The Nvidia sell-off came even though the company delivered another set of “blowout results” last week, says Ipek Ozkardeskaya of Swissquote Bank. The AI-chip specialist topped sales forecasts by $2 billion for the fifth consecutive quarter, served up an unexpectedly robust forecast for the current quarter and announced a big stock buyback. It still wasn’t enough. The shares fell 14% over the next three days.
Investor “fatigue” with the AI story is evident. Nvidia’s shares have dropped a fifth since a mid-June peak, but have still risen more than 600% since the beginning of last year. “Nvidia is doing fine,” says Dan Gallagher in The Wall Street Journal. The other tech giants lavished $58.5 billion on AI capital spending in the second quarter – great news for Nvidia, which captures a lot of that money by selling its high-end chips to these firms for their AI projects. Projected revenue for the current quarter came in 2% ahead of Wall Street targets, but investors have become used to even bigger beats – in the same quarter last year, revenue outperformed expectations by 28%.
There are question marks about whether this earnings windfall will be sustainable if consumer demand for AI services fails to appear and tech firms rein in AI spending, but there is little reason to panic yet. Nvidia enjoys huge profit margins of more than 50%, five times the average for the S&P 500 as a whole, says John Authers on Bloomberg. Investors were disappointed by signs that rising margins won’t continue forever. Talk about a reality check.

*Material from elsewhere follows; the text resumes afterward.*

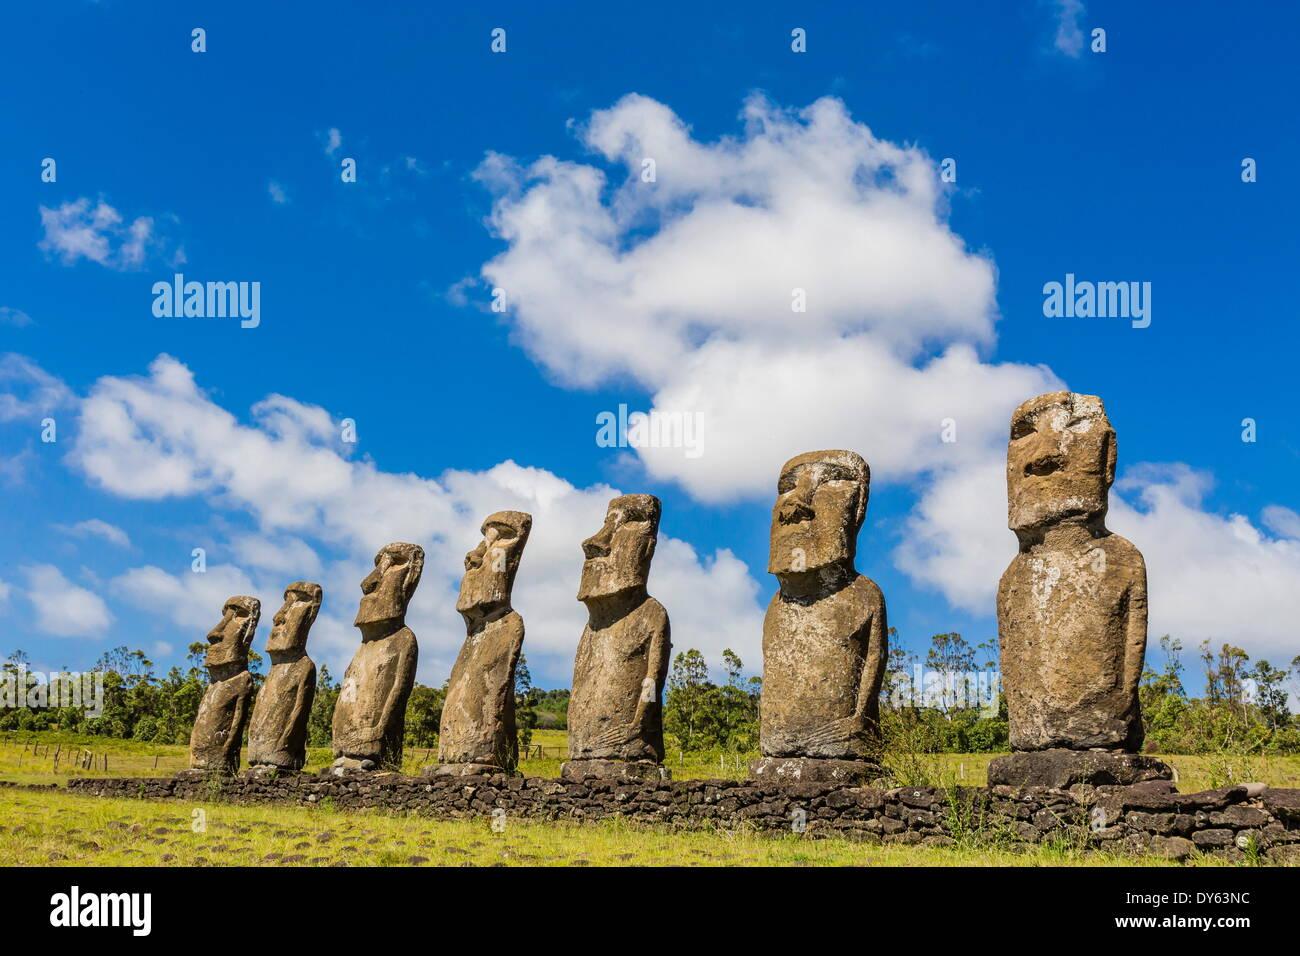 Sette Moai a Ahu Akivi, il primo altare restaurato sull'Isola di Pasqua (Isla de Pascua) (Rapa Nui), sito UNESCO, Cile Immagini Stock

The Nvidia share price is unlikely “to burst”, but “speculative froth” is being removed. Peter Atwater of Financial Insyghts notes that prices of the most “speculative” AI trades actually peaked in the spring and have since dropped a fifth. As Atwater puts it, the “peak in the AI frenzy is behind us. Unappreciated by the crowd, it occurred in late February. As they always do, the worst left the party first”.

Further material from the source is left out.